# Looking for Best sleeve for innerarm bites



## Dennis Trzcinski (Jan 17, 2008)

Looking to purchase a sleeve to teach young dogs the inner arm bite. Which do people recomend and where to purchase it from? Thanks


----------



## Selena van Leeuwen (Mar 29, 2006)

We use this type of sleeve

http://leerburg.com/JN030.htm


----------



## kerry engels (Nov 7, 2010)

Selena van Leeuwen said:


> We use this type of sleeve
> 
> http://leerburg.com/JN030.htm


 
We use the same style at our club.


----------



## Brian Anderson (Dec 2, 2010)

I make my own but they are real similiar to the ones posted above. Just flip it around where the flared part is across the front. Careful of the occasional armpit catch lol


----------



## Dennis Trzcinski (Jan 17, 2008)

Have any of you used this sleeve 
http://hortonsquality.com/Level-2-Belgian.html


----------



## Geoff Empey (Jan 8, 2008)

Dennis Trzcinski said:


> Have any of you used this sleeve
> http://hortonsquality.com/Level-2-Belgian.html


That doesn't look bad for the price I'd give it a go. The only thing though is says it is a "snug fit on the arm" So that says to me if you have bigger arms it will be tight as hell. I have a couple of Can-Ams, Pejkos and a Seyneave like in the link Selena posted the Seyneave is a better sleeve, but I think it is built to fit a 9 year old boys arm. One of my training decoys is 230 lb goes to the gym all the time and when one of the older dogs bites him in that sleeve he can't slip it.


----------



## Dave Colborn (Mar 25, 2009)

Dennis Trzcinski said:


> Looking to purchase a sleeve to teach young dogs the inner arm bite. Which do people recomend and where to purchase it from? Thanks


Don't rule out a leg sleeve either if you have one on hand.
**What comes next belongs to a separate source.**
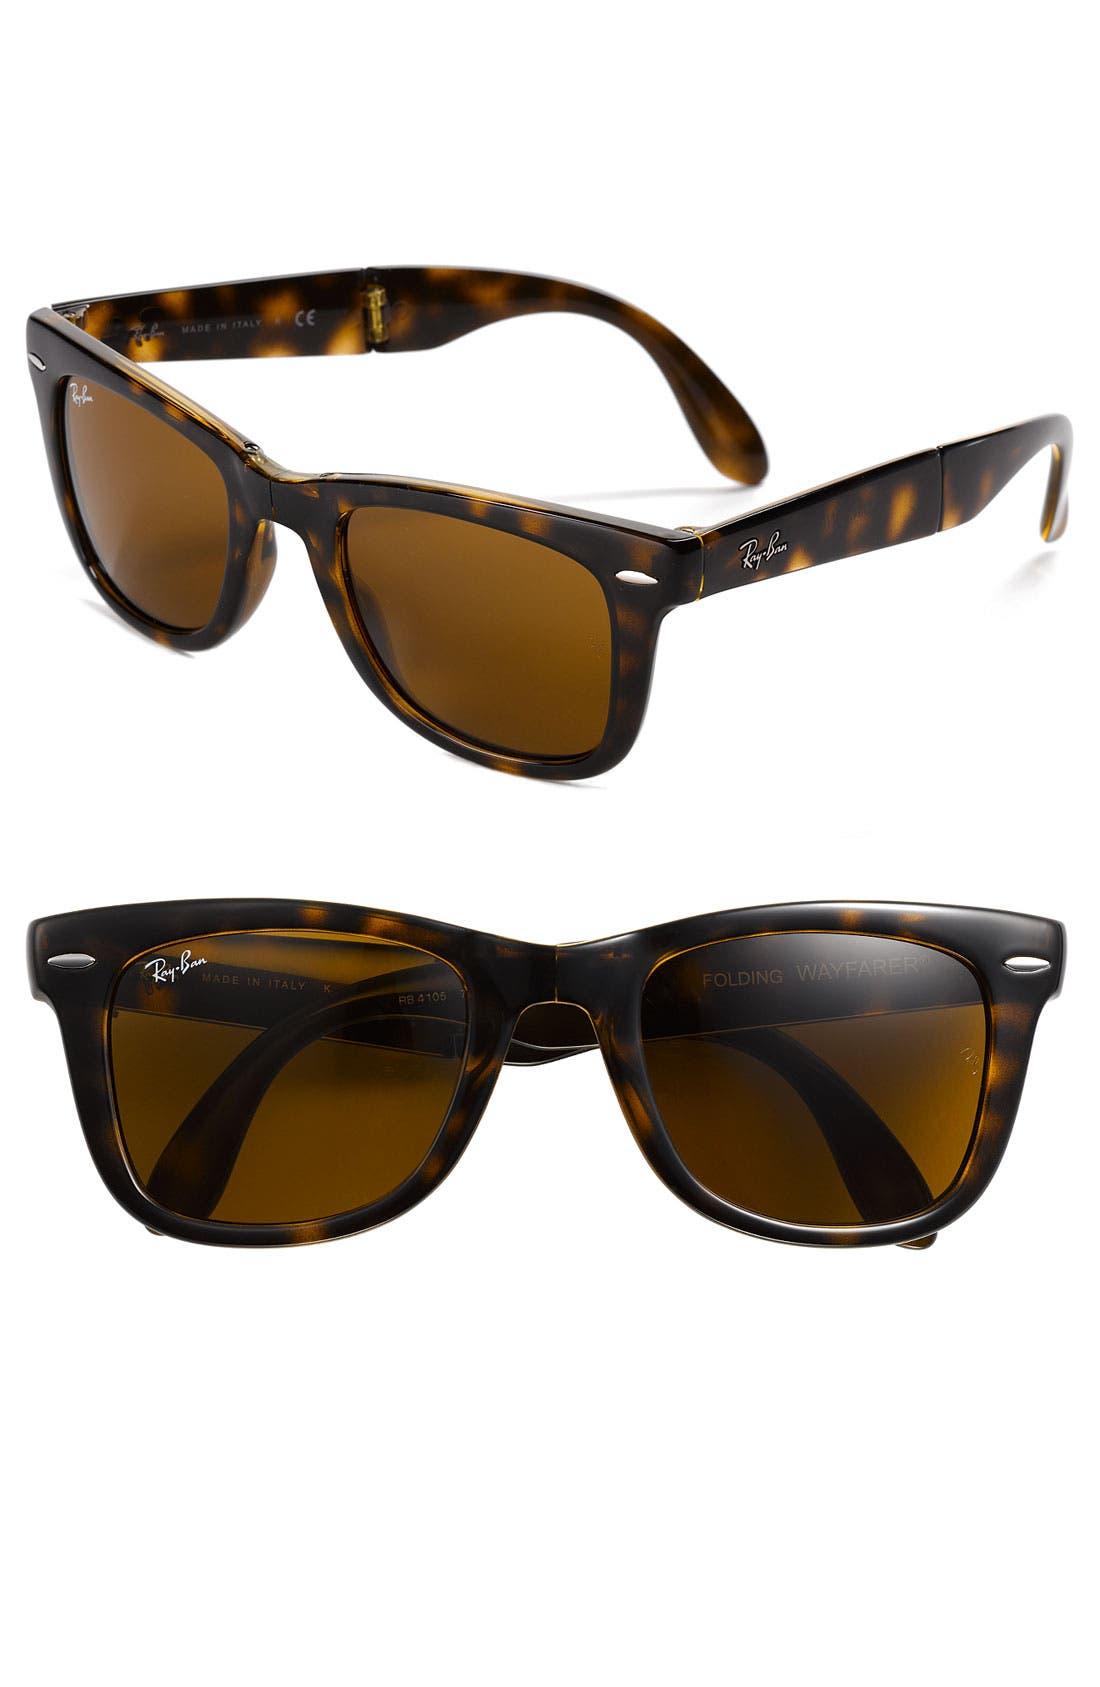 Main Image - Ray-Ban 'Folding Wayfarer' 50mm Sunglasses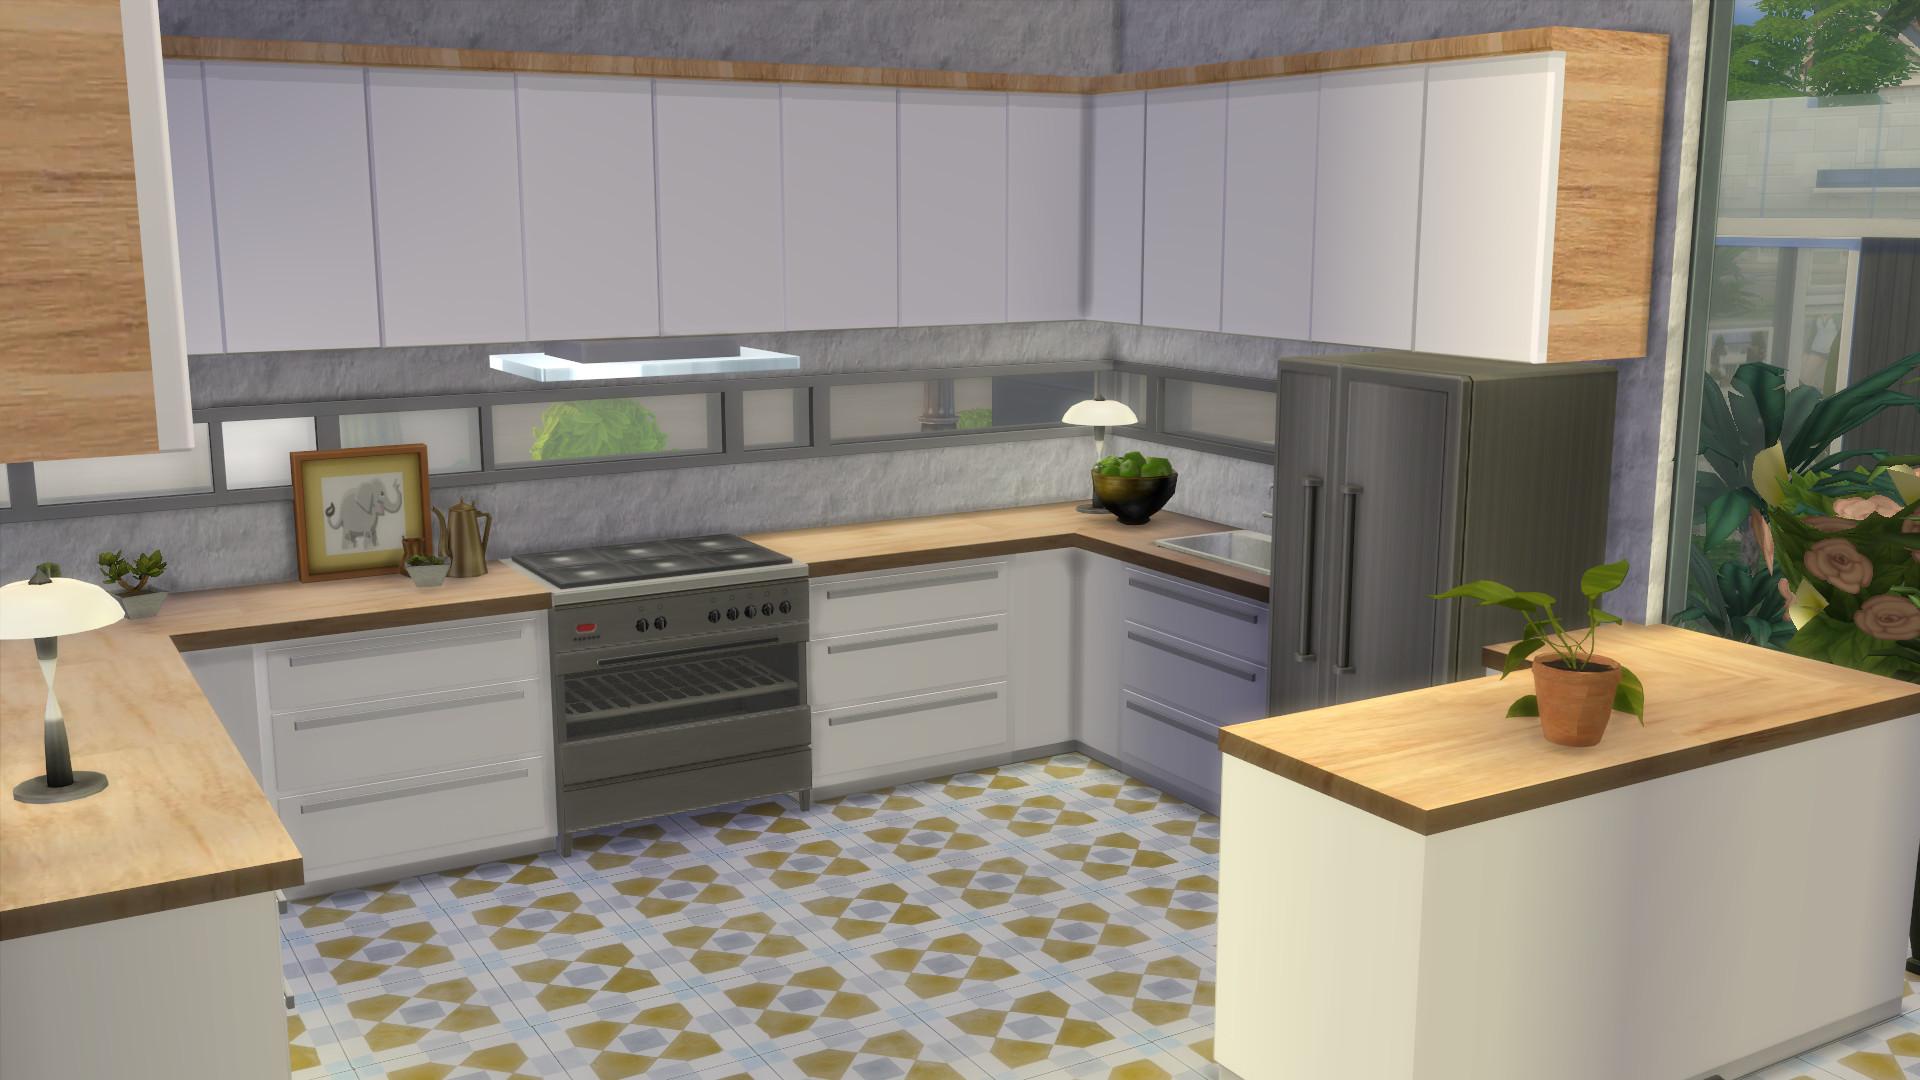 Sims 4 Kitchen Cabinets Cc Baltimore Kitchen Part 2 Updated

not a good fit, but it will work in a pinch if you have one.


----------



## Zakia Days (Mar 13, 2009)

Geoff Empey said:


> That doesn't look bad for the price I'd give it a go. The only thing though is says it is a "snug fit on the arm" So that says to me if you have bigger arms it will be tight as hell. I have a couple of Can-Ams, Pejkos and a Seyneave like in the link Selena posted the Seyneave is a better sleeve, but I think it is built to fit a 9 year old boys arm. One of my training decoys is 230 lb goes to the gym all the time and when one of the older dogs bites him in that sleeve he can't slip it.


stop going to the gym.


----------



## Joby Becker (Dec 13, 2009)

I like the Euro Joes too..


----------



## Thomas Barriano (Mar 27, 2006)

Zakia Days said:


> stop going to the gym.


 I stopped going to the gym because the bite sleeve was too tight.
Yeah that's my story from now on. 

I've got a Euro Sport full length padded sleeve that works well for inner arm bites.


----------



## jim stevens (Jan 30, 2012)

Zakia Days said:


> stop going to the gym.


I have one of these sleeves, I am 5'9 170, but I go to the gym and the sleeve is hard to slip on my arms. I have turned it around and done some inside bites. You will get bit on occasion though. I have the level 2 and a 18 mo old dog and honestly she bites too hard for it. I'd go up a level.


----------



## Joby Becker (Dec 13, 2009)

jim stevens said:


> I have one of these sleeves, I am 5'9 170, but I go to the gym and the sleeve is hard to slip on my arms. I have turned it around and done some inside bites. You will get bit on occasion though. I have the level 2 and a 18 mo old dog and honestly she bites too hard for it. I'd go up a level.


up 2 levels


----------